The Strongest Counterargument
The most credible objection to this framing comes from within the AI coding industry itself, most explicitly from Cognition founder and CEO Scott Wu, whose company makes Devin, an autonomous AI coding agent. Wu’s position — shared by others in the agent space — is that the maintenance burden created by AI code generation is itself automatable: AI coding agents can fix AI-generated bugs as fast as they are produced, effectively closing the loop without additional human labor.

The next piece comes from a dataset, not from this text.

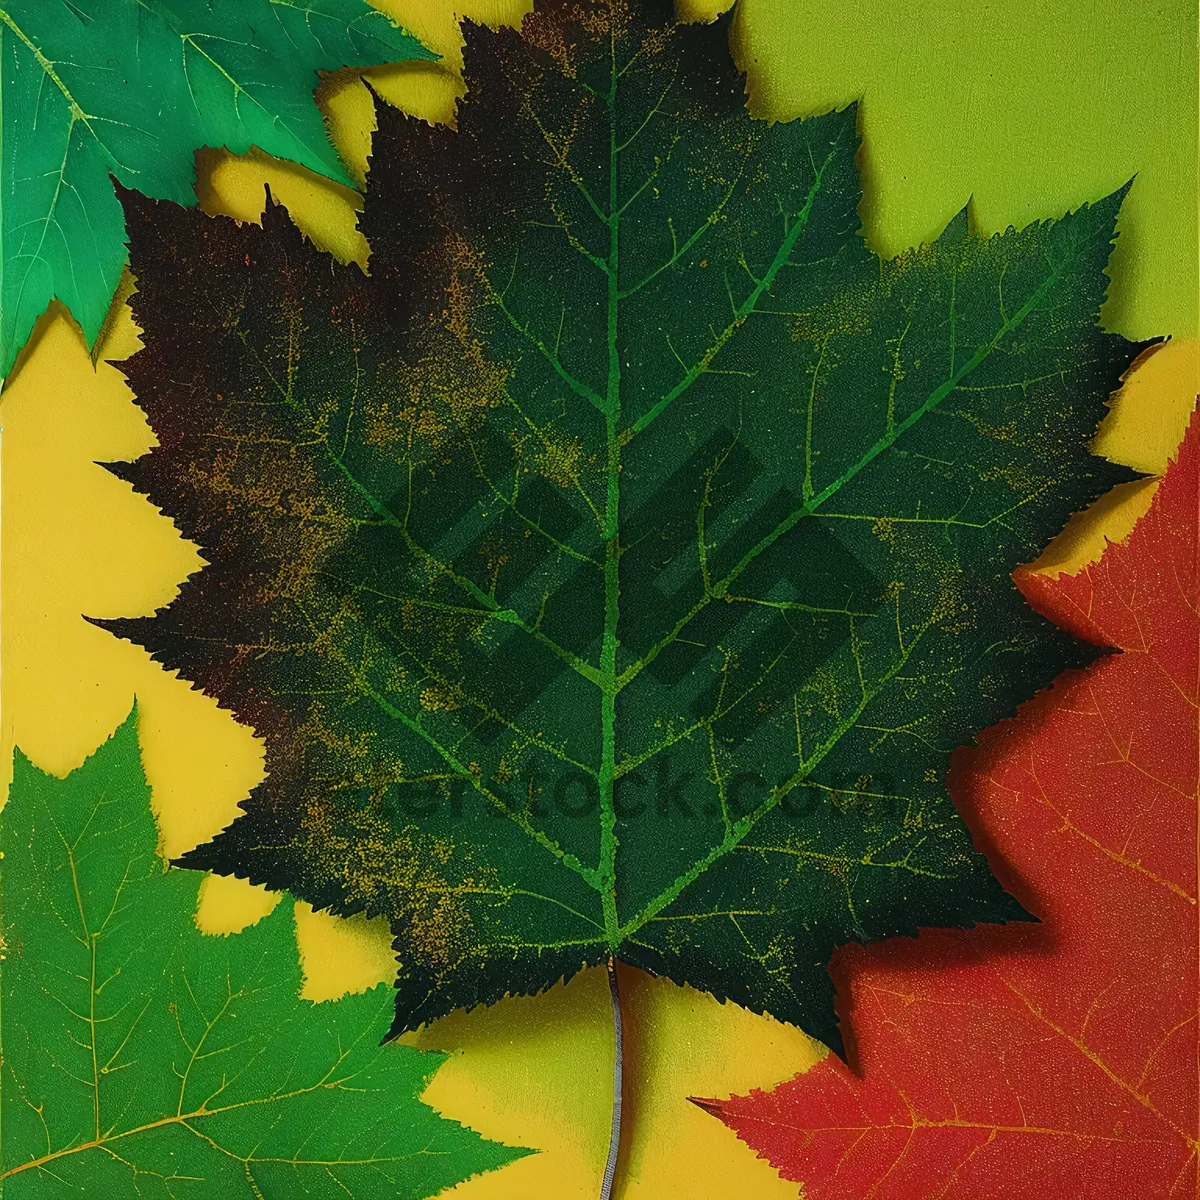 Picture of Vibrant Maple Leaf in Autumn's Glow

It is a coherent argument, but Wu himself immediately qualifies it. He rates Devin’s current capability at somewhere between a junior and a mid-level programmer, depending on the task. Delegating code review and maintenance to a system operating at junior-developer proficiency does not obviously reduce risk; it may redistribute it in ways that are harder to observe. The SMU researchers and Wu agree on one point: humans should retain ownership of high-level decisions — software architecture, security design, and system-level reasoning — because these are precisely the areas where current AI models perform least reliably. That consensus limits how much of the maintenance loop can be safely automated today, regardless of how the tooling improves.
Research into how machine learning models can introduce privacy and security vulnerabilities reinforces the case for keeping humans in the architectural loop, particularly when AI-generated code touches sensitive data paths.
The SMU team’s practical guidance points in the same direction: developers need to understand, at a granular level, which tasks AI handles reliably and which it does not — analogous to knowing a programming language’s edge cases. They also need quality-assurance pipelines explicitly designed for AI output, and they should review AI-generated code with the same scrutiny applied to a junior developer’s pull request. None of that is a rejection of AI tooling; it is a framework for using it without accumulating hidden technical debt.
The broader pattern — where enthusiasm for AI adoption precedes rigorous measurement — has been documented across domains, from NASA’s use of machine learning for wildfire prediction to academic efforts at applying deep learning to scientific classification problems. In each case, performance gains in narrow benchmarks coexist with unresolved questions about reliability at scale.
Where This Ends Up
The most probable near-term outcome is that enterprise engineering teams begin treating AI-generated code the way regulated industries treat third-party dependencies: with mandatory review gates, automated quality checks, and explicit accounting of maintenance liability before code is merged. Tokenmaxxing will fade as a performance metric as CFOs demand output-based justification for AI infrastructure spend, and the tooling market will consolidate around products that can demonstrate measurable defect-rate improvements rather than raw generation speed.
The second-most-likely scenario is that agentic systems — AI agents that autonomously write, test, and fix code — mature fast enough to genuinely close the maintenance gap before the debt becomes unmanageable. That outcome depends on whether models at the frontier can move from junior-developer-equivalent capability to reliable mid-senior-level reasoning on open-ended engineering tasks within the next 12 to 18 months. If the current generation of AI agents is indeed a practice run for more capable successors, that timeline is plausible — but it has not yet been demonstrated in production at scale, and the organizations running up budget overruns today are not waiting for it.